Na natureza, tudo que é criado tem a tendência de anunciar quando está pronto. As frutas e os bebês despencam quando estão maduros, as gatas gritam para anunciar o cio, os ovos racham e até a morte, em alguns casos, avisa da própria chegada. Invejo o fim dos processos, esse momento cobiçado de conclusão de ciclo, a carta Mundo do tarô, o pináculo da jornada, o tipo de fim que só existe porque existiu um começo. Ninguém quer estar no meio do caminho. Todo mundo quer colher ou começar a plantar. Com os romances, o tormento do processo se multiplica porque a escrita não aprecia alardes. Os livros não dão avisos. Quase nunca sabemos quando estão prontos ou, muito pior, se um dia vão ficar.
Já contei algumas vezes que Apague a luz se for chorar, meu romance de estreia, não foi o primeiro livro que escrevi. Desde que me envolvi com essas drogas pesadas, aliás, escrever um romance foi uma meta constante e poucas vezes alcançada com sucesso. Com um livro publicado e outro a caminho, já na porteira, achei que teria a confiança e a dignidade de saber qual seria meu próximo projeto. Besteira minha. O próximo projeto continua sendo um mistério. Acho que será assim por muito tempo.
Na dúvida, investigo minhas próprias raízes. Por que terminei esse livro aqui, e não esse outro? Com tanto material inacabado na gaveta, por que me dediquei ao Como se fosse um monstro, meu segundo filho, e não àquela história que escrevo desde 2012? Os motivos para escrever qualquer coisa, vale lembrar, são uma mistura de ideias do momento e obsessões particulares. Mas os motivos para insistir exigem, acima de qualquer coisa, força de espírito. Antes, eu achava que o livro certo se anunciaria nos primeiros capítulos, um raio criativo fulminante, uma alma gêmea em forma de ficção. Mas não existe isso. Livro certo é aquele que a gente termina.
Seria incrível se todo projeto pudesse dizer de cara a que veio, eliminando a condição de rascunho. Imagina só, que maravilhoso prever, sem chegar à escrita, a história que funciona e os becos sem saída? Ter a lucidez de imaginar o mundo do começo ao fim, e saber que o registro valeria a pena. Uma utopia, é claro. Escrever é difícil demais para comportar uns atalhos tão úteis.

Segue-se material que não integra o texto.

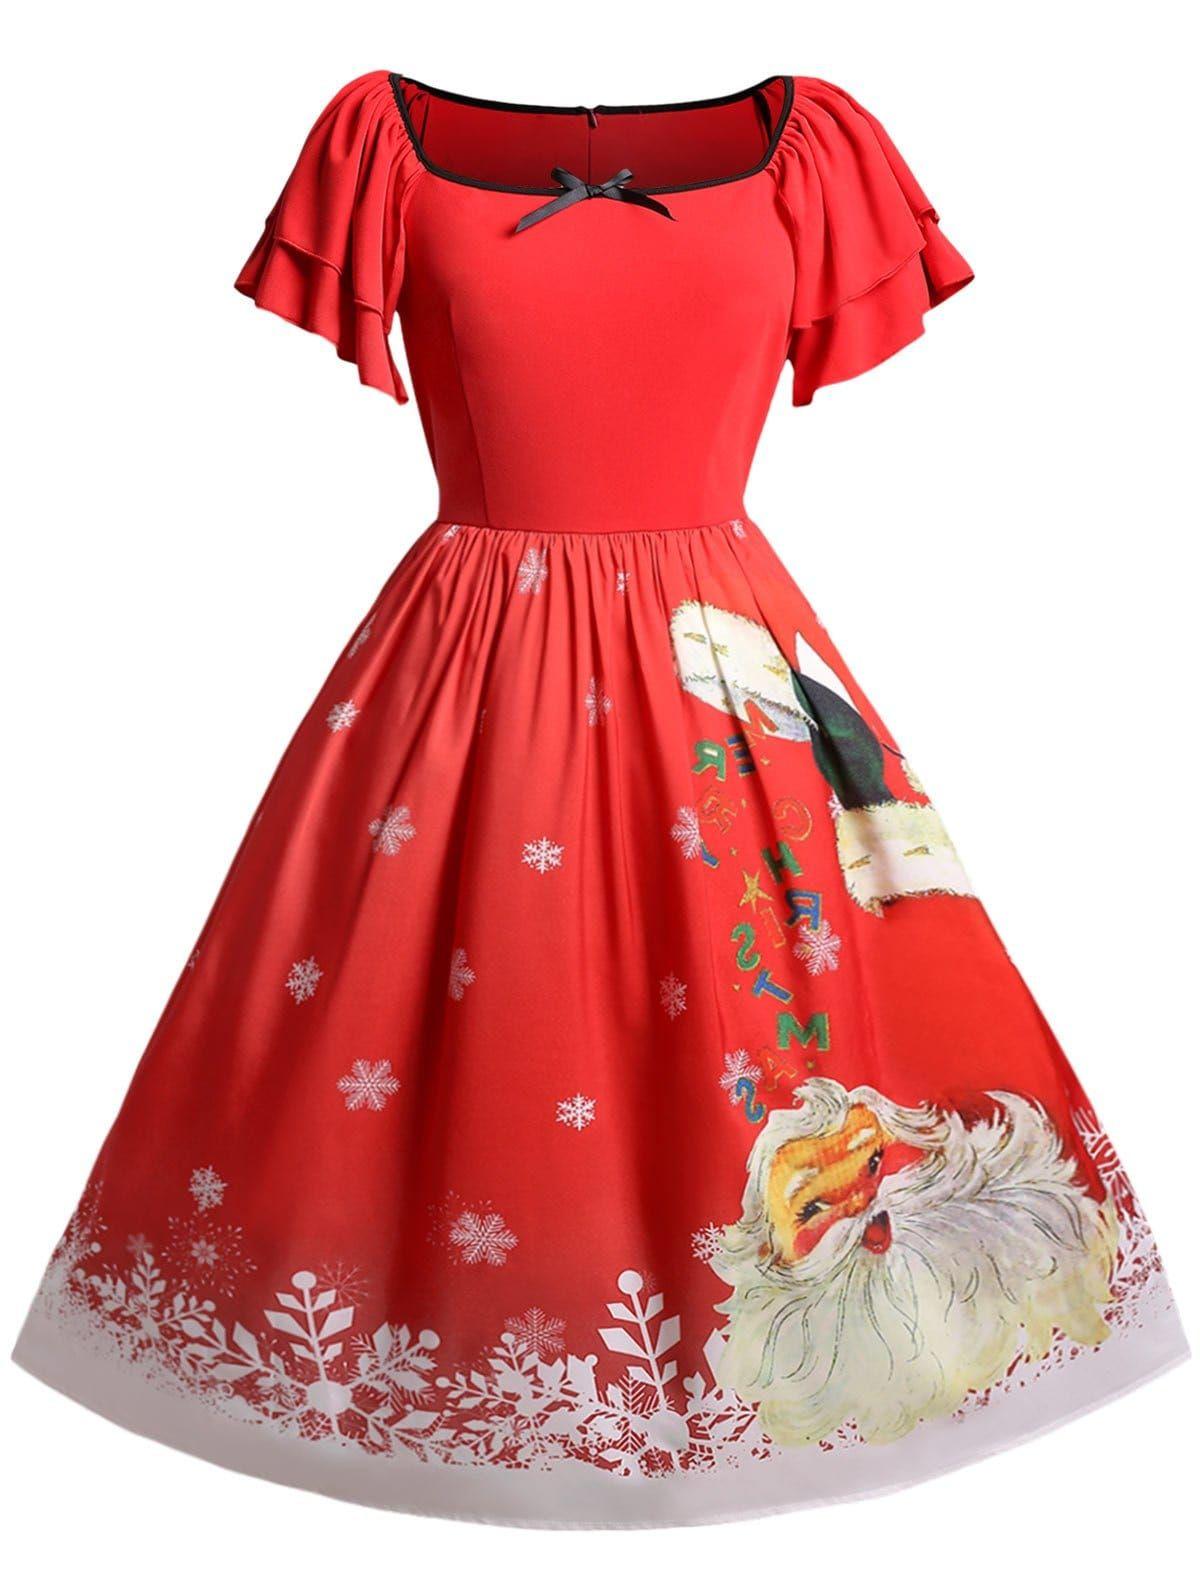 91c87ab8130 Christmas Plus Size Santa Claus Print Vintage Dress

Na dúvida, quando bate a descrença, consulto os universitários. Essa história aqui está boa? Está com ritmo? Dá vontade de continuar lendo? Anoto tudo na minha prancheta mental. Conforme o resultado da pesquisa, às vezes descarto tudo. Eu confio na opinião alheia, porque a minha é instável.
Desde o começo dos tempos, os leitores beta e editores salvam nós, pobres escritores, das incertezas criativas. O negócio é que mesmo os livros incertos, os mais ou menos, podem virar, dar um caldo, chegar no ponto. Tudo é uma questão de ter fé para seguir adiante. É mais fácil definir se algo é bom ou não, se tem futuro ou não, depois de pronto. Por isso, sou uma entusiasta da produção, ainda que doa e seja difícil produzir. Depois que o pensamento é escrito, é mais fácil julgar e até melhorar o resultado.

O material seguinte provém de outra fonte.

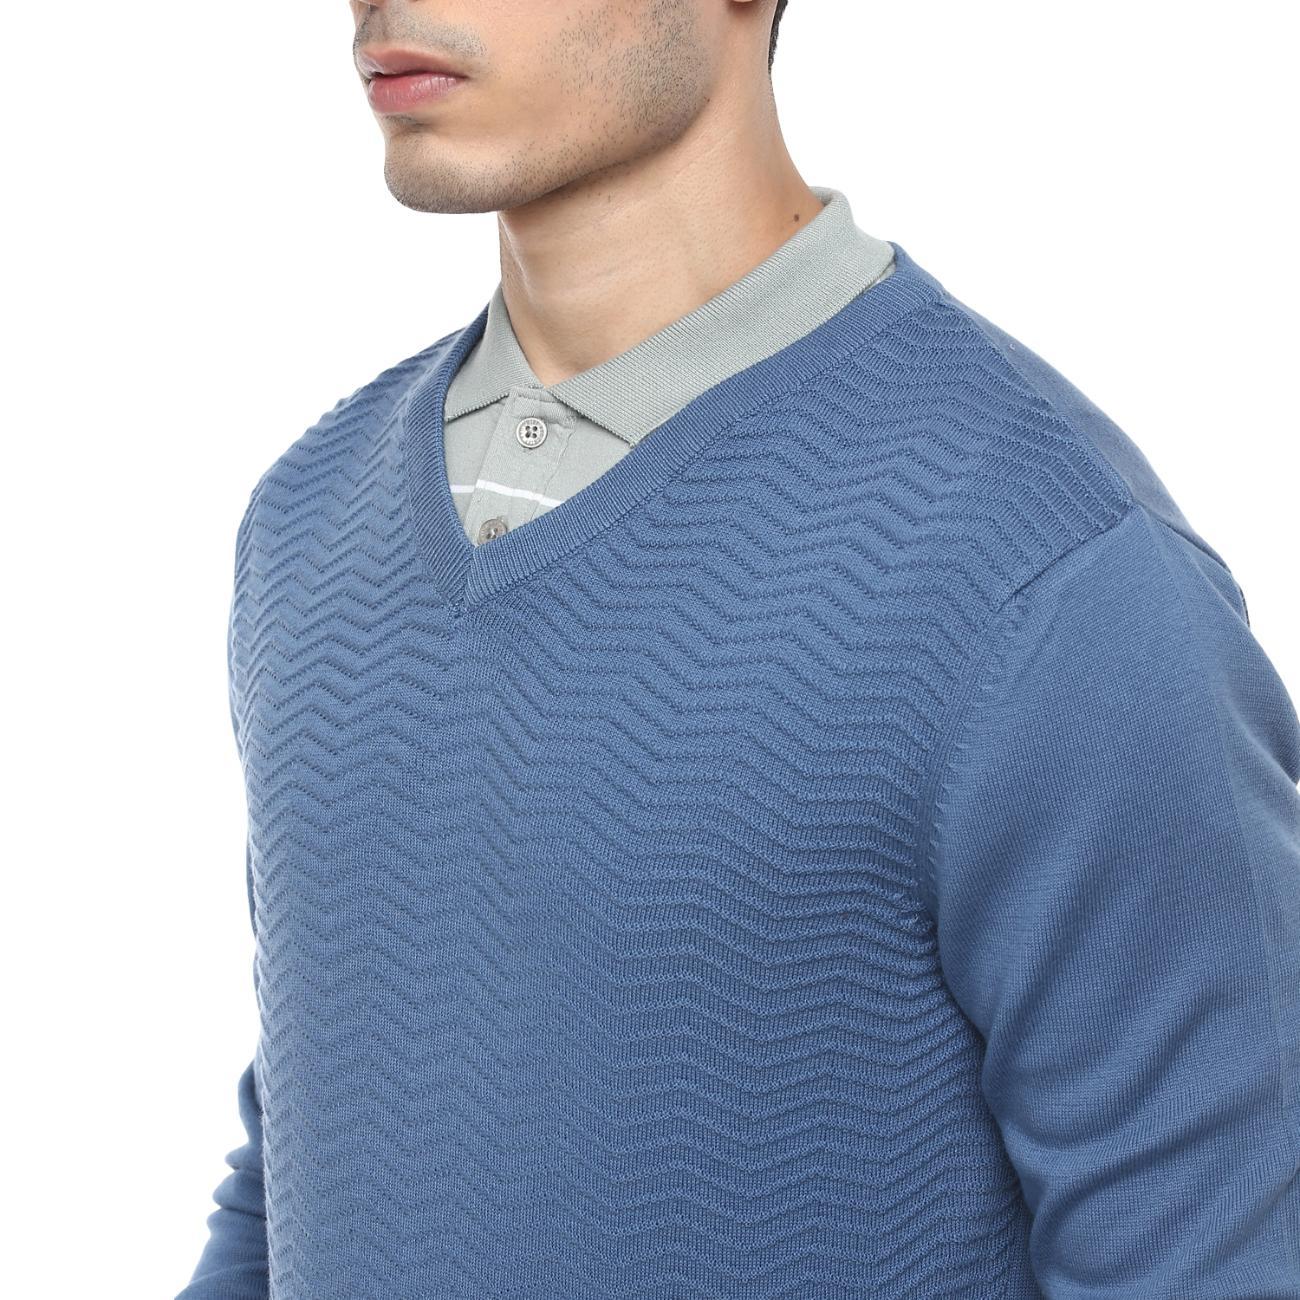 Buy Blue Casual Sweater V-neck for Men

Estou vivendo esse impasse com uma história que me atormenta desde o ano passado. Não tenho certeza se é uma boa ideia, se já tenho bagagem suficiente para escrevê-la, ou se ela merece a dedicação das poucas horas que tenho para escrever. Mas decidi seguir em frente para poder avaliar (tenho dois capítulos prontos, veja que avanço, é a primeira coisa que escrevo em meses). Na pior das hipóteses, será mais uma ideia testada.
É sempre bom ter algo na gaveta, mesmo que seja para o descarte. Até o lixo é útil. Que atire a primeira pedra quem nunca reciclou algum trabalho ou precisou evoluir um Pokémon literário.
Na dúvida, amigos e amigas, escreva.
Decisões difíceis de tomar, como começar ou terminar um texto. Vejo que o único jeito é mesmo continuar a escrever, sempre e pra sempre.